# Worn out but straight 26"x1.5"ish / 559x35mm ish tyre, Oxford [ NOW SORTED - THANKS :) ]



## wafter (23 Mar 2020)

I have a problem with one of my bikes that's killed two new (but deformed) tyres by rolling them off the rim and breaking their beads.

I'm trying to isolate the problem to either the deformed tyre or the rim so am looking for an otherwise-dead tyre to trial-fit to see if it suffers the same fate.

Since I suspect it might be the tyre's deformation that's causing the issue the "test tyre" must be straight, but I'm not bothered if it's got no tread left / is cosmetically nasty etc. All I want it for is to ride 5-10 miles to see if it stays on the rim, before either replacing it with a better one or looking at replacement rim options depending on the outcome.

Ta


----------



## figbat (23 Mar 2020)

Pretty sure I have at least one (maybe more) discarded 26" tyre which are sound but no longer used. I'll check and confirm if you're still interested - I'm afraid you'll have to collect using appropriate distancing measures.


----------



## wafter (23 Mar 2020)

figbat said:


> Pretty sure I have at least one (maybe more) discarded 26" tyre which are sound but no longer used.
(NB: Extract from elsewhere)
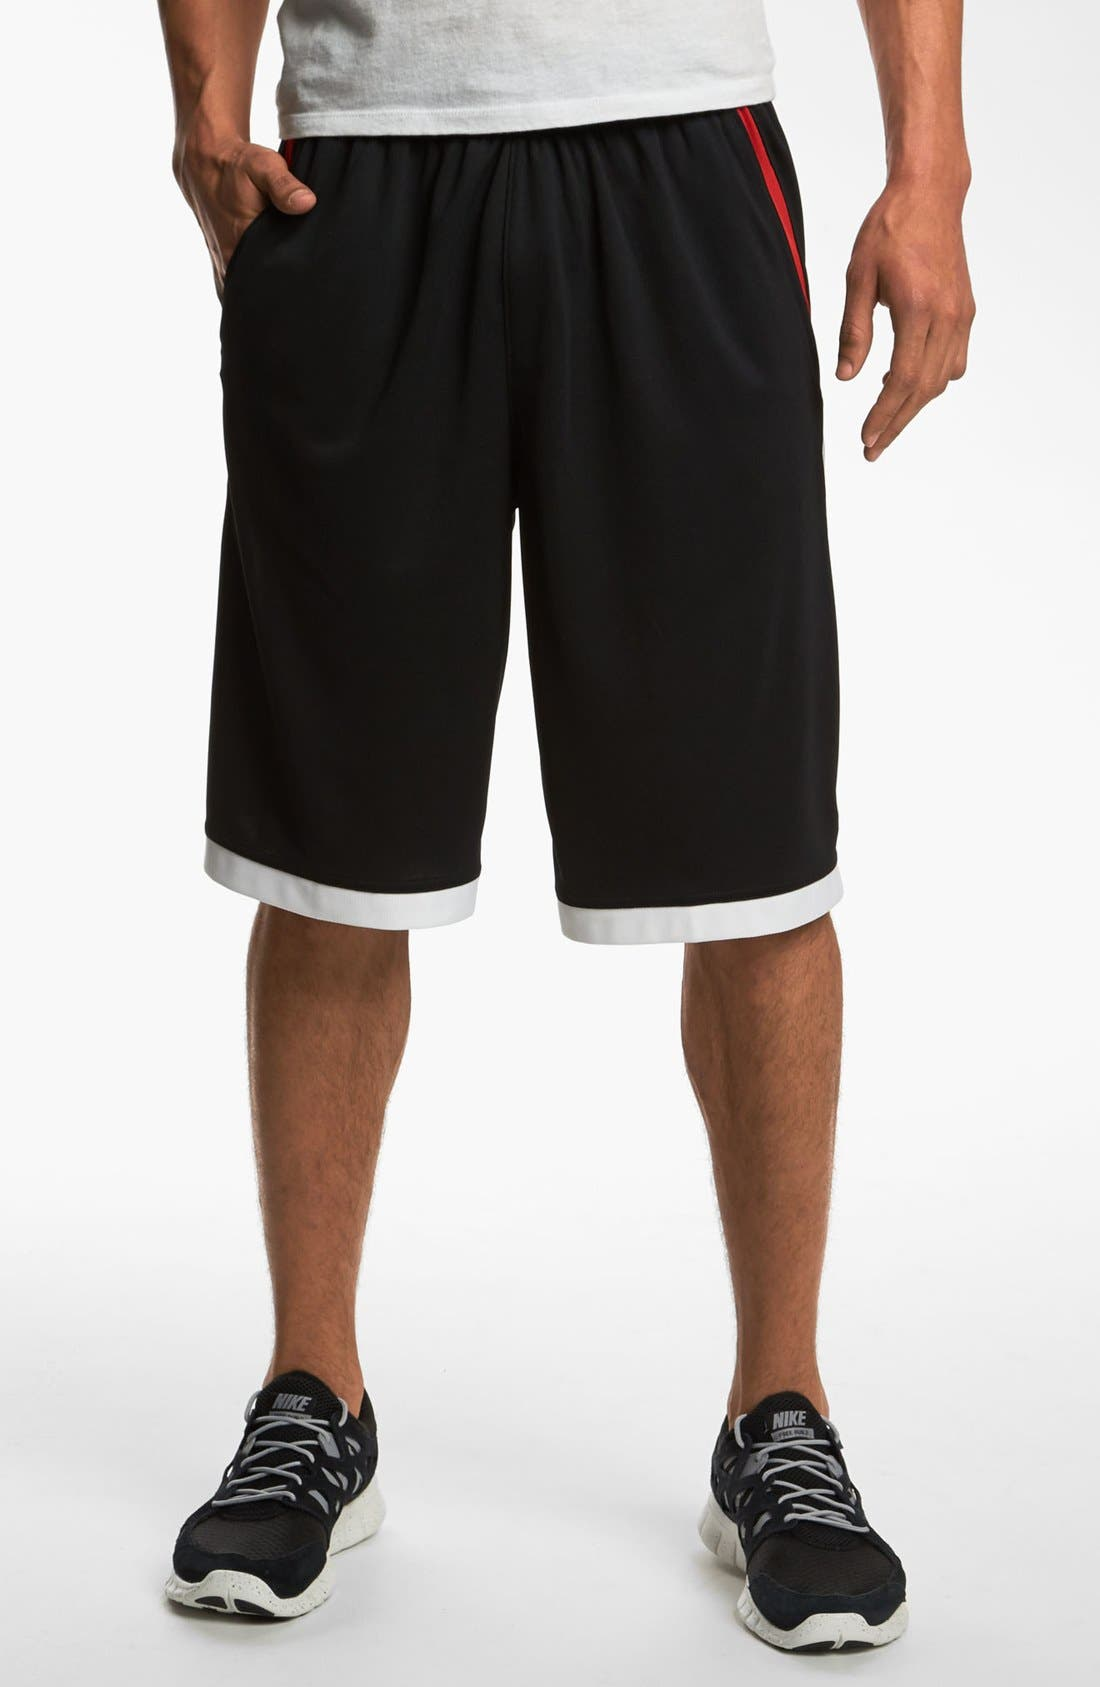 Alternate Image 1 Selected - Nike 'Contest' Shorts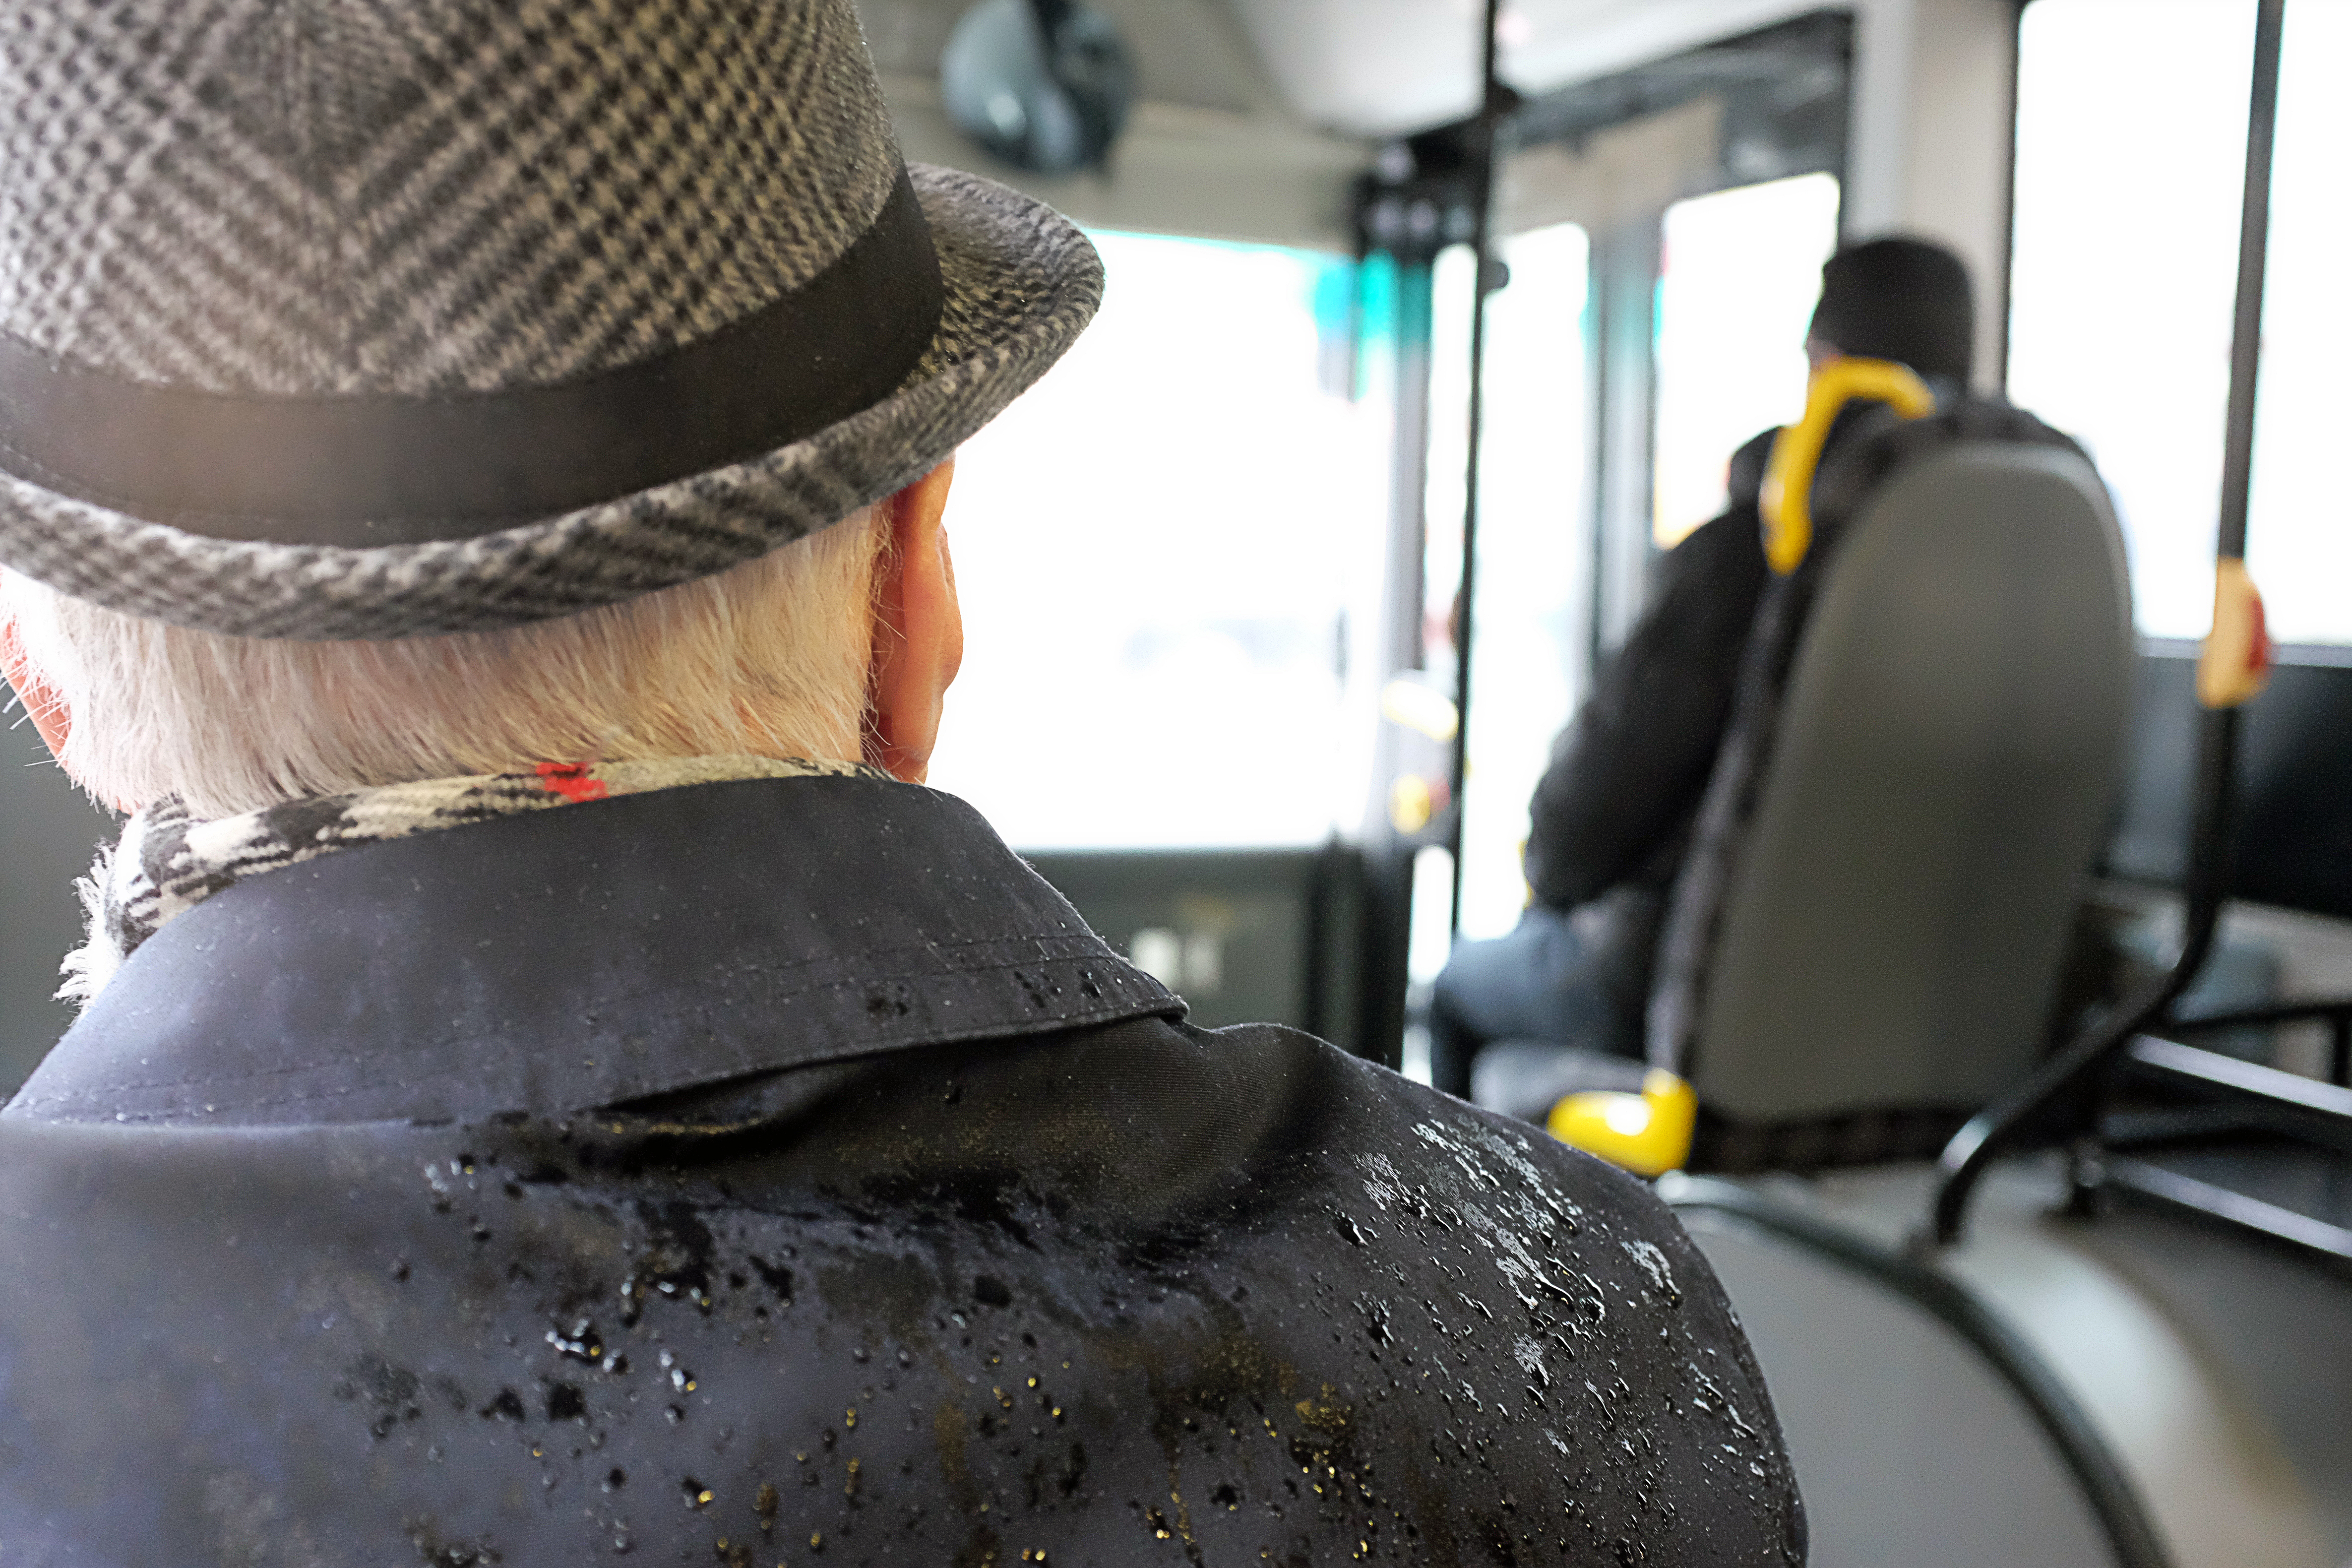 Daugavpils gives pensioners free public transport (Latvia)

I'll check and confirm if you're still interested - I'm afraid you'll have to collect using appropriate distancing measures.


Thanks - that's very much appreciated! 

Totally appreciate both points and wouldn't expect anything other tbh


----------



## Gunk (23 Mar 2020)

I’m in Oxford I’ve got a used 700x38c hybrid tyre you could have


----------



## Gunk (23 Mar 2020)

Oops just read the title you want a 26” 😳


----------



## wafter (23 Mar 2020)

Gunk said:


> Oops just read the title you want a 26” 😳


Thanks and not to worry - I appreciate the thought


----------



## figbat (23 Mar 2020)

Just checked - it turns out I have six old 26" tyres of varying age and type - you're welcome to as many of them as you want; saves me a trip to the recycling centre. I'll PM you with details.


----------